Diabetes Mellitus in Cats
Just like in humans, diabetes in cats is serious, but manageable. Your cat can develop diabetes if he has the following conditions:
Genetic predisposition (diabetes is more prevalent in males)
If you cat appears weak or thirsty, frequently urinates, has rapid weight loss, is depressed, or has abdominal pain, he could be diabetic.
This condition is usually caused by damage to the pancreas. The pancreas is responsible for producing the proper amount of insulin to control sugar levels. If your cat's pancreas is damaged, long-term and potentially life-threatening symptoms could occur and must be managed.
While there is no cure for diabetes mellitus, veterinarians recognise it can be controlled with insulin, exercise and proper nutrition. Fibre is key in managing the disease because moderate to high-levels of fibre lower insulin requirements and blood glucose levels. Fibre also makes the body more responsive to insulin.

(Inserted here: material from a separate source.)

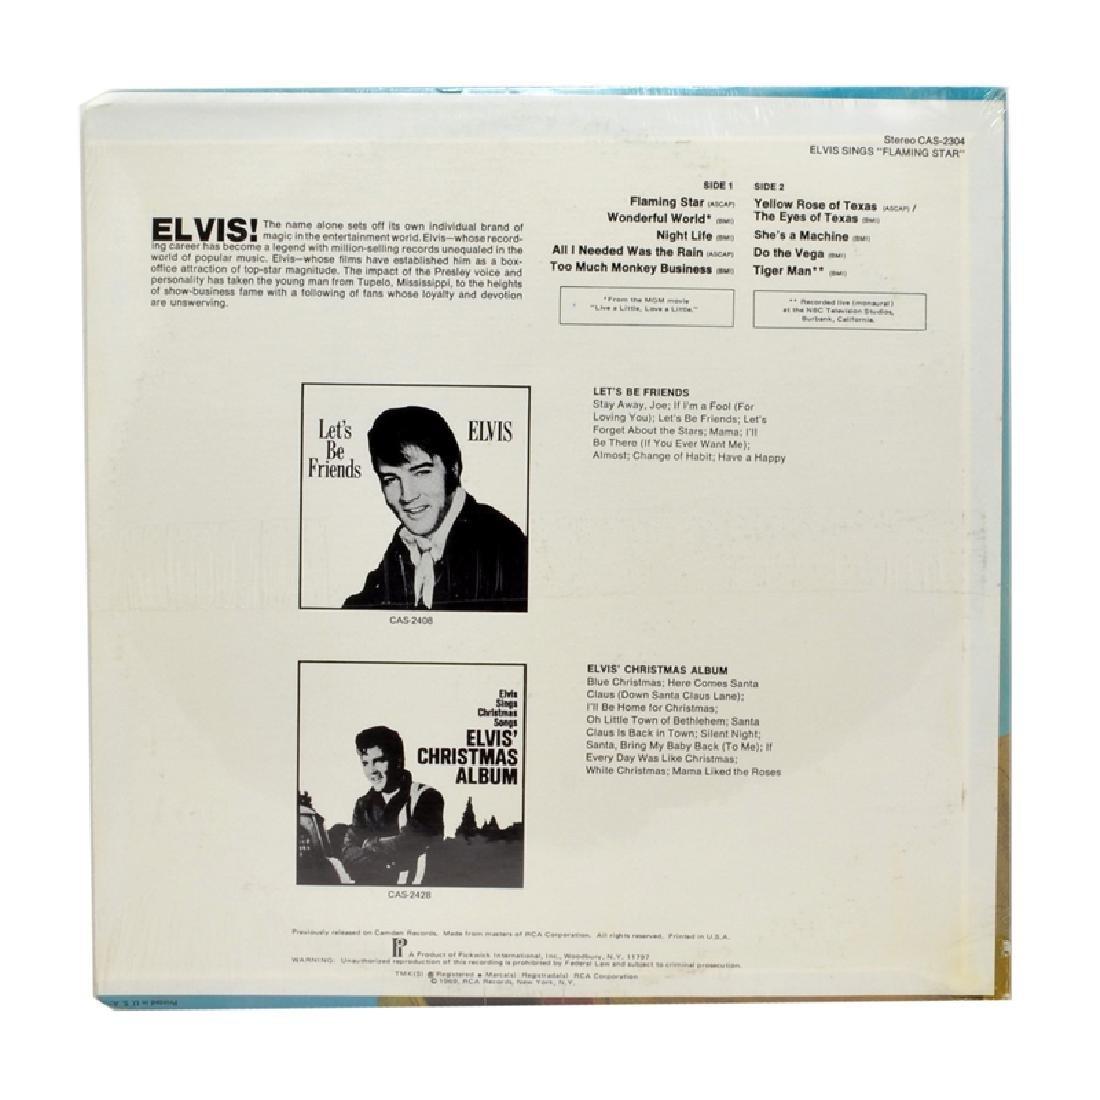 Rare Original Vintage Elvis Album (Unopen) - 2

It's also important to be consistent in the food you give your cat. The nutritional profile of many commercial foods may vary from batch to batch, which can complicate the disease. Feeding a veterinarian-recommended food that has a consistent nutrient profile will help keep your cat's metabolism level stable so he can remain healthy.
For an accurate diagnosis and treatment options, always consult your veterinarian.